Seriously, when we stop pegging people as stupid simply because they speak actual real-life English, we'll find that the world contains far more people of intelligence than you ever imagined.

Re:Editor must be from Pittsburgh? (1)

Myopic (18616) | about a year and a half ago | (#43194993)

Fair enough but I personally will never give up on "literally". You can have "get sequenced" and "beg the question" and "whom", but I will cling to "literally" until my dying day.

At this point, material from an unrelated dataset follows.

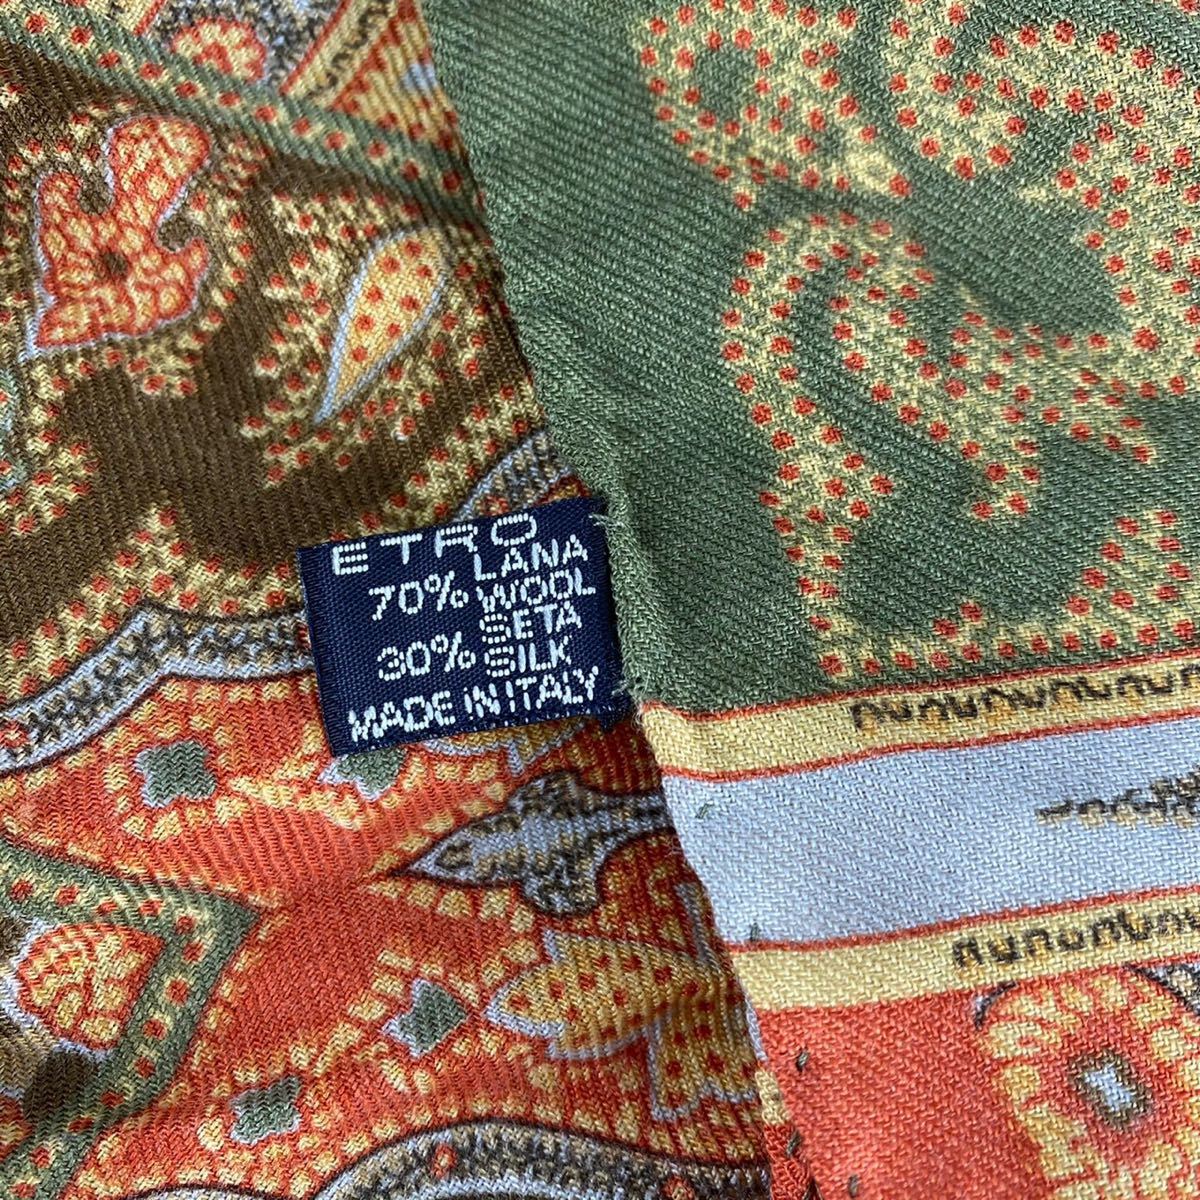 ETRO WOOL SILK PAISLEY PATTERNED LARGE SIZE SHAWL MADE IN ITALY/ Etro wool silk peiz Lee pattern large size shawl ( stole )

Re:Editor must be from Pittsburgh? (1)

Zontar The Mindless (9002) | about a year and a half ago | (#43189481)

Maybe he speaks to many live, wrongly educated human beings.

TFTFY. (Including removal of the extraneous comma.)

Re:Editor must be from Pittsburgh? (1)

lgw (121541) | about a year and a half ago | (#43185729)

There are different expectations for informal chatting and for edited prose. It's appropriate to call out an (alleged) editor when his published prose looks like informal chatting.

Re:Editor must be from Pittsburgh? (3, Informative)

tepples (727027) | about a year and a half ago | (#43185497)

"Gets" can also mean "becomes", and "sequenced" here is a past participle (called a passive participle by some grammarians), not a past tense finite verb.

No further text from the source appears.